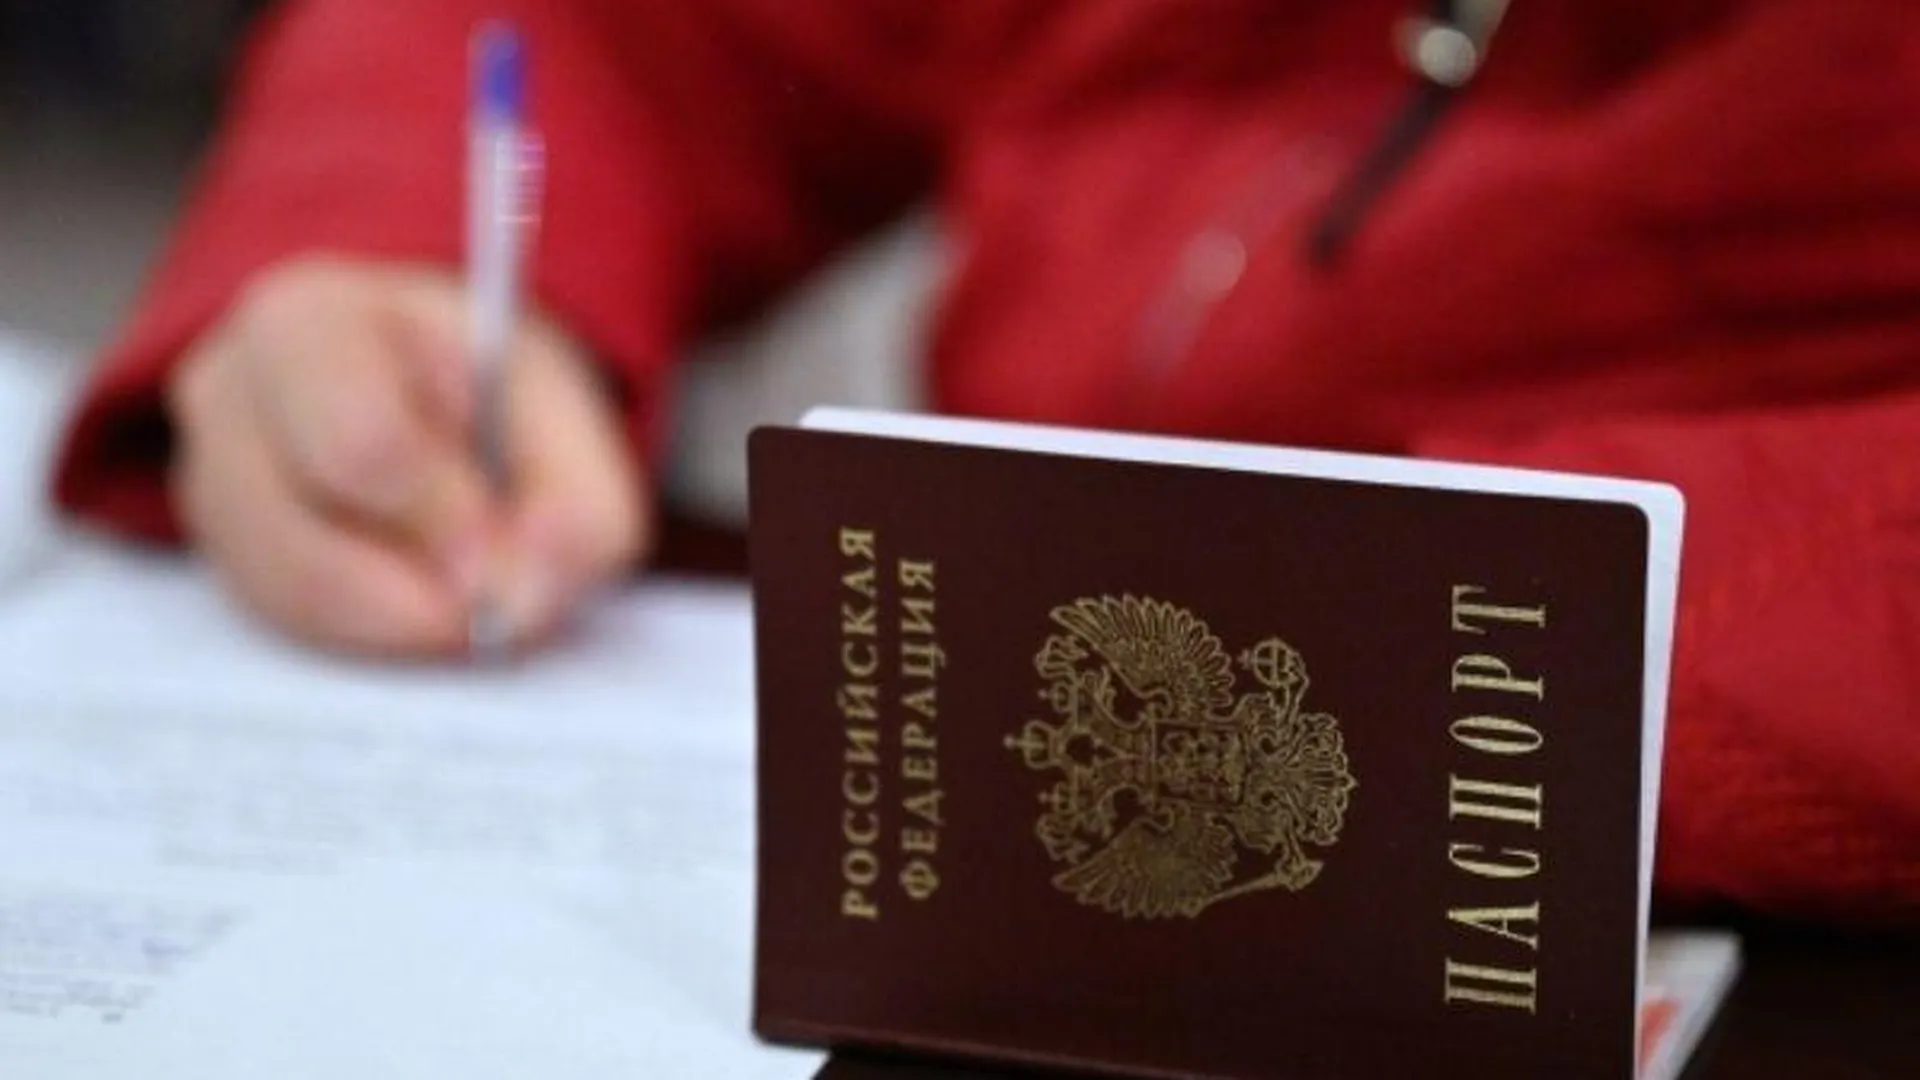 В России утечка персональных данных может стать основанием для замены паспорта
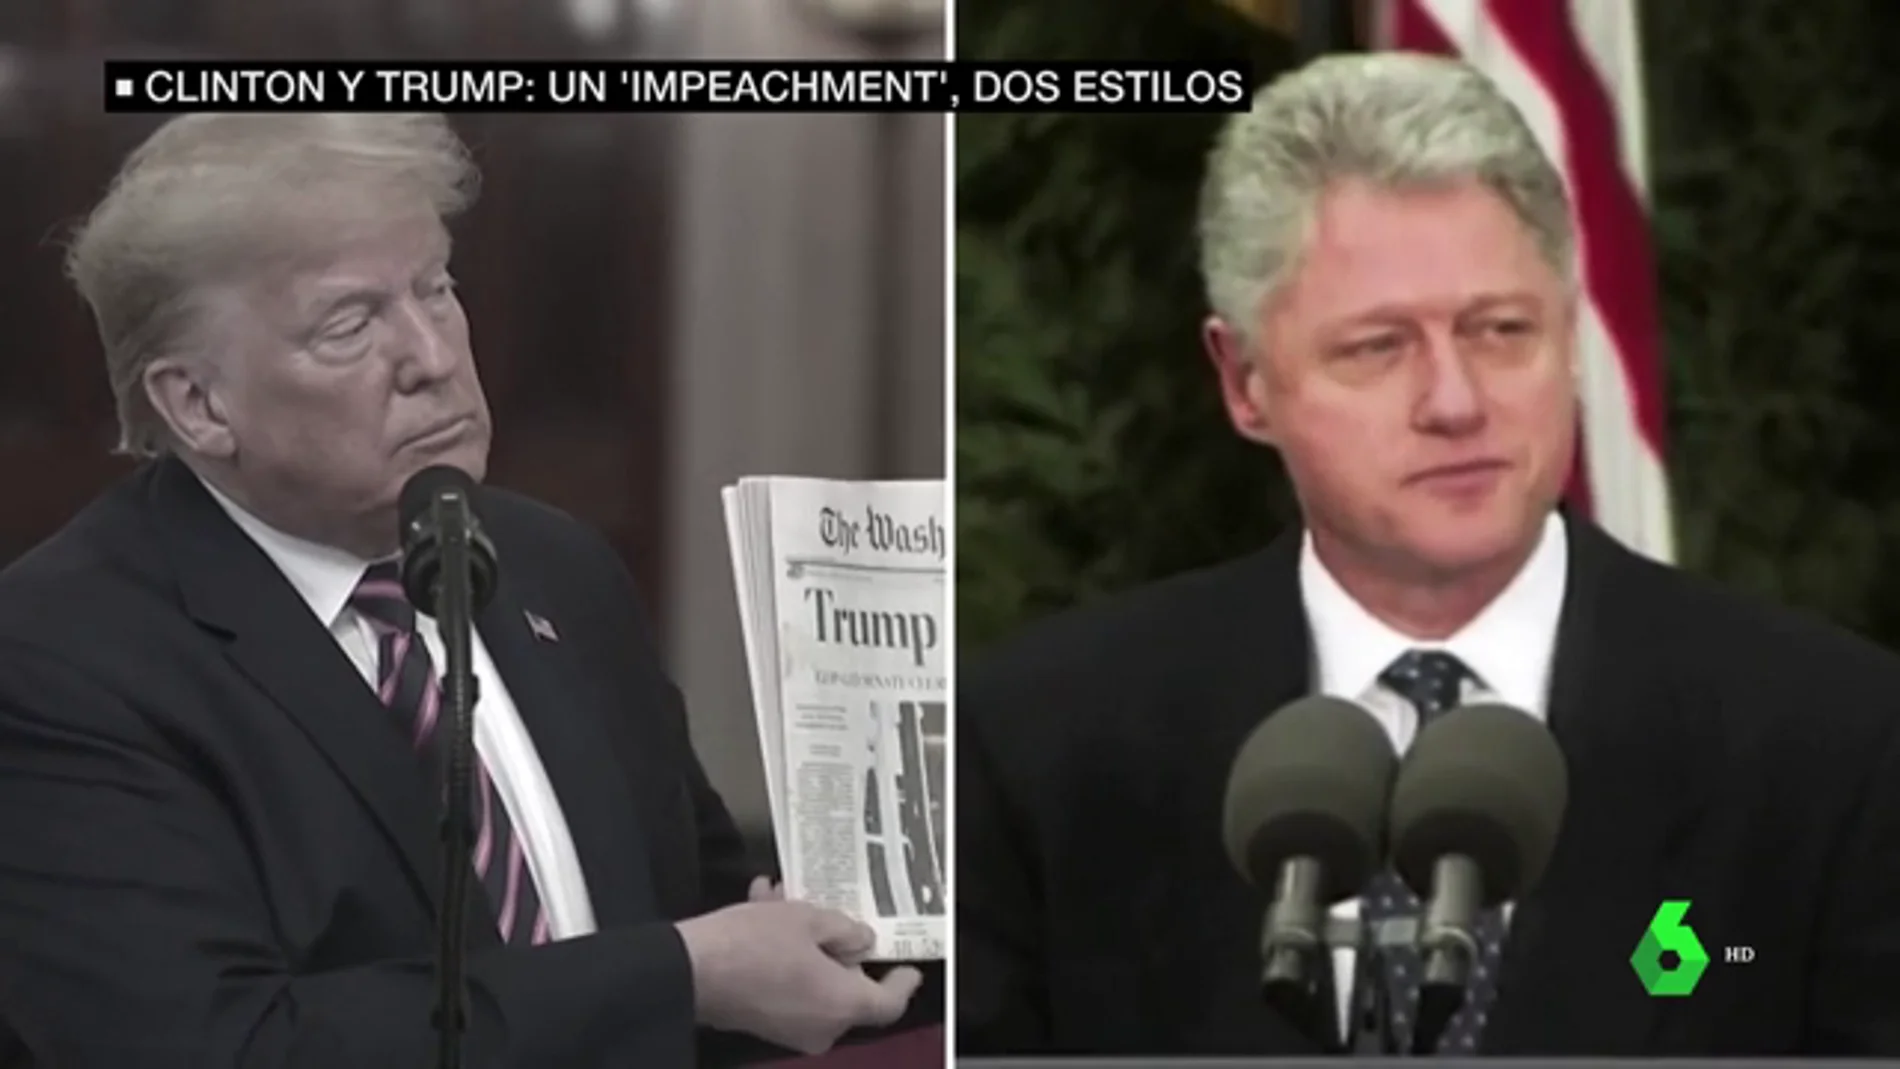 Clinton y Trump: dos formas opuestas de entender la absolución en el 'impeachment'
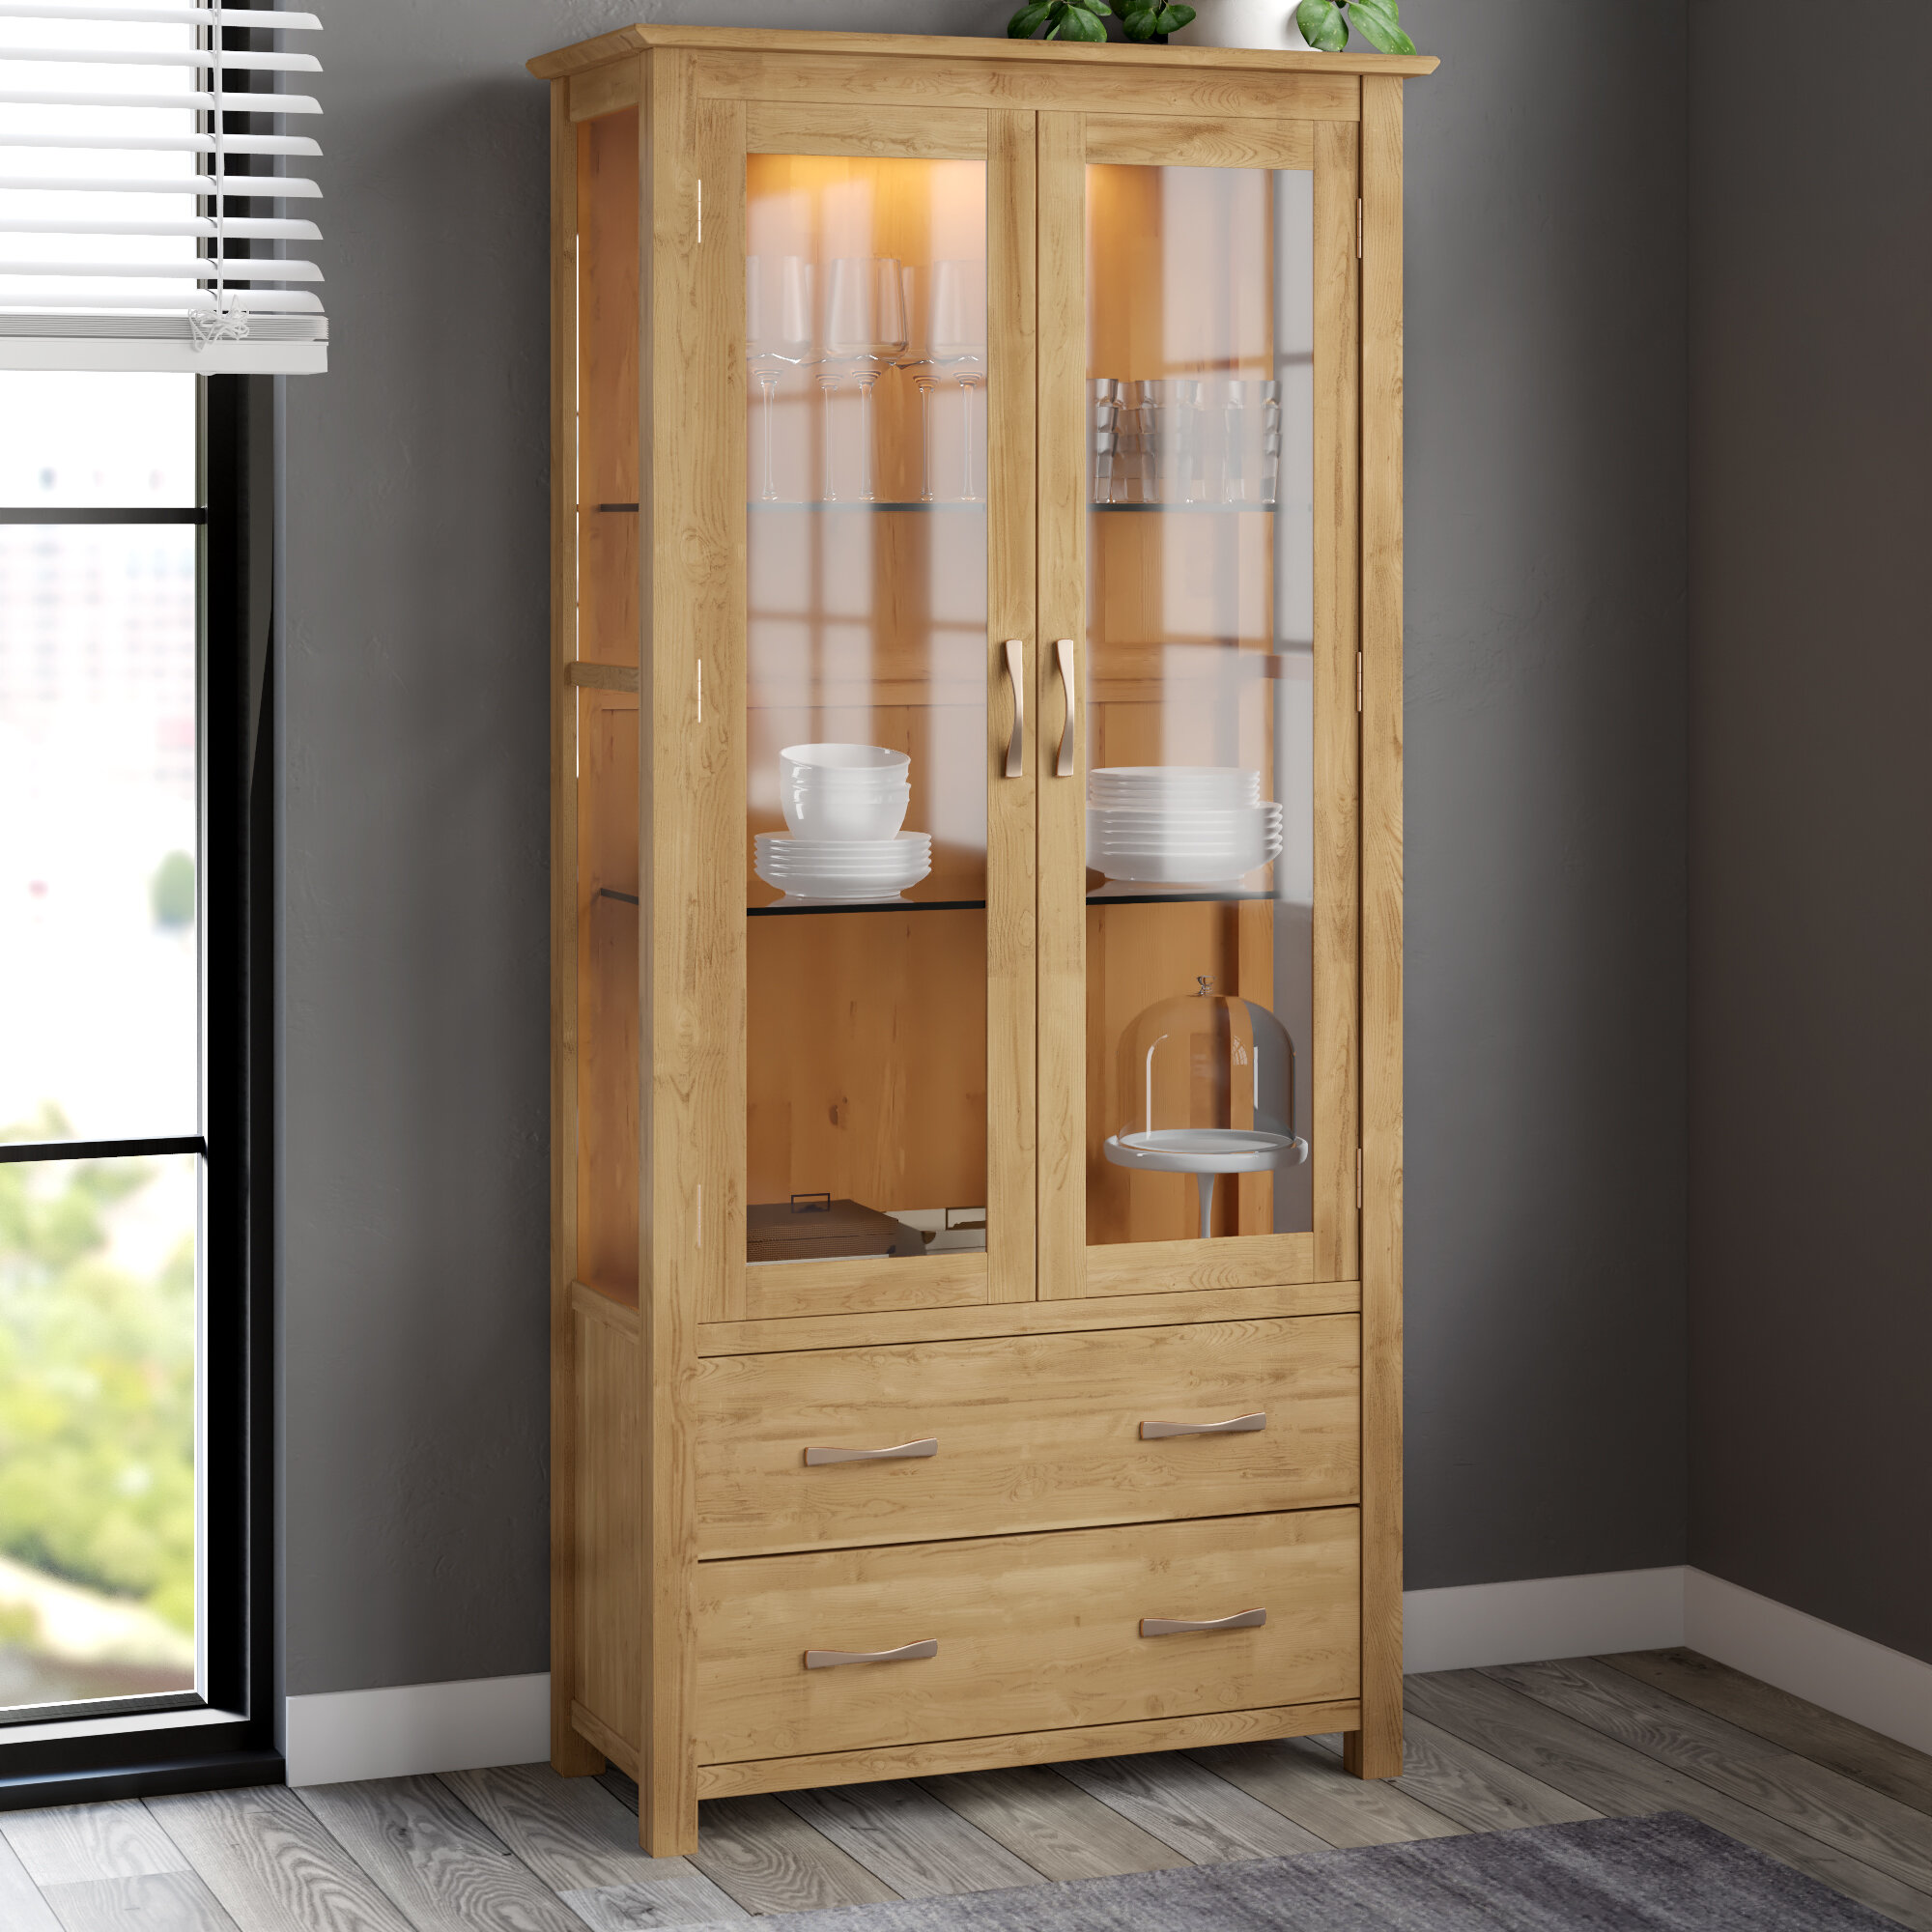 Gracie Oaks Marley Solid Oak Display Cabinet Reviews Wayfair Co Uk

What the task asks
Quote verbatim the final run of lines in the material above, from the line that contains "Clinton y Trump: dos" through the very last line, excluding any pictures.

Response for this exercise
 Clinton y Trump: dos formas opuestas de entender la absolución en el 'impeachment'
 Gracie Oaks Marley Solid Oak Display Cabinet Reviews Wayfair Co Uk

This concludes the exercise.